West of Heaven by Barbara Scott is available at Amazon for Kindle, Barnes & Noble for the Nook, Sony, Kobo and Apple’s iBookstore 

direct from DBP:  


For a review of West of Heaven at Love Western Romances: 


  1. Paty Jager

    Barbara, Nice post! I think any outfit whether it's a cattle drive or a military outfit needs to have good grub or the men will revolt.

  2. Barb H

    Interesting post, Barbara. I had to smile when you mentioned the stew contained all but 'the moo'. My grandmother would have served that, too. She loved tongue. We kids grew to be very suspicious of what showed up on her table when we visited.

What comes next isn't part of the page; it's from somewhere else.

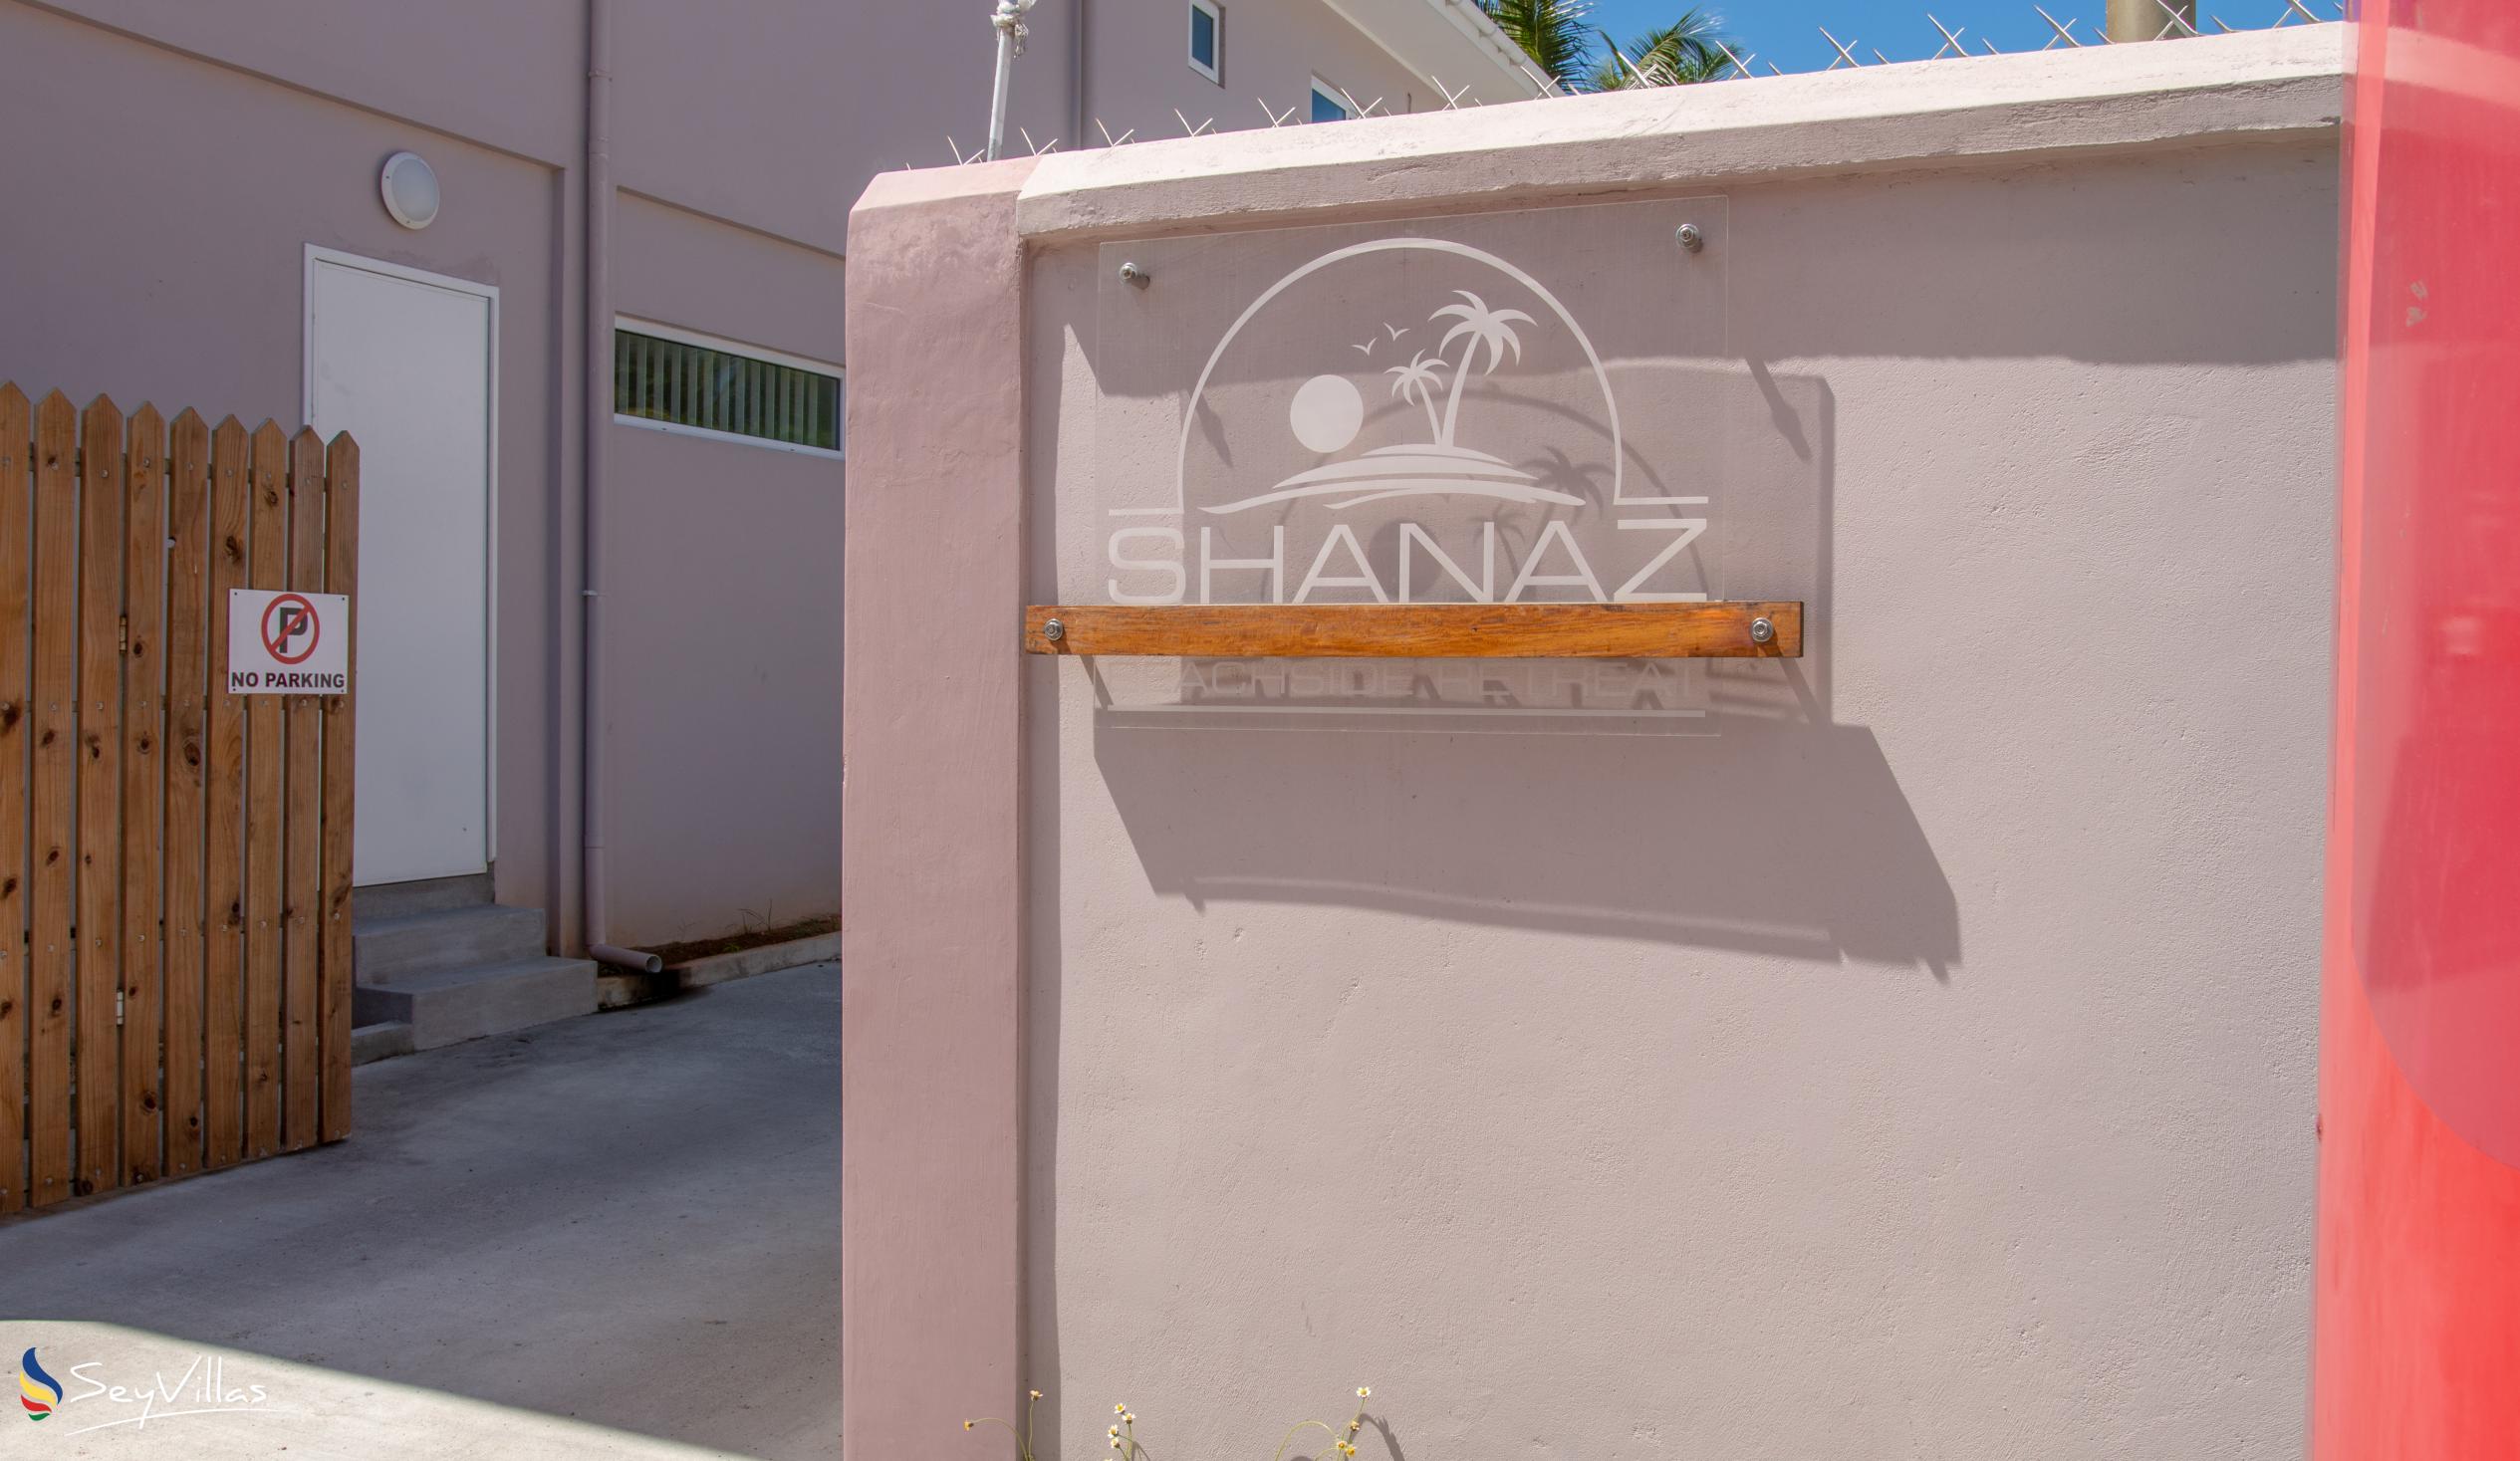 Foto 8: Shanaz Beachside Retreat - Aussenbereich - Mahé (Seychellen)

    Your excerpt was intriguing. I'm looking forward to reading about a cattle drive "manned" by the girls. Thanks.

  3. Barbara Scott

    Thank you, Paty and Barb. Barb, I remember eating tongue as a kid. I liked it then, but I think me squeamishness would get the better of me now. Intersting that you equated the tongue with the moo. Given that simile, I'm sure the cook threw the moo into the pot as well.

  4. Paisley Kirkpatrick

    Your post is great, your story wonderful. What a great concept for a plot. I bet it was fun researching all the recipes that were used.

  5. Barbara Scott

    Thank you, Paisley. Yes, researching the recipes was fun. Made me hungry.

  6. Debby Lee

    Hi Barbara, very educational article, thanks for sharing. I love the idea of women driving the cattle, sounds very interesting.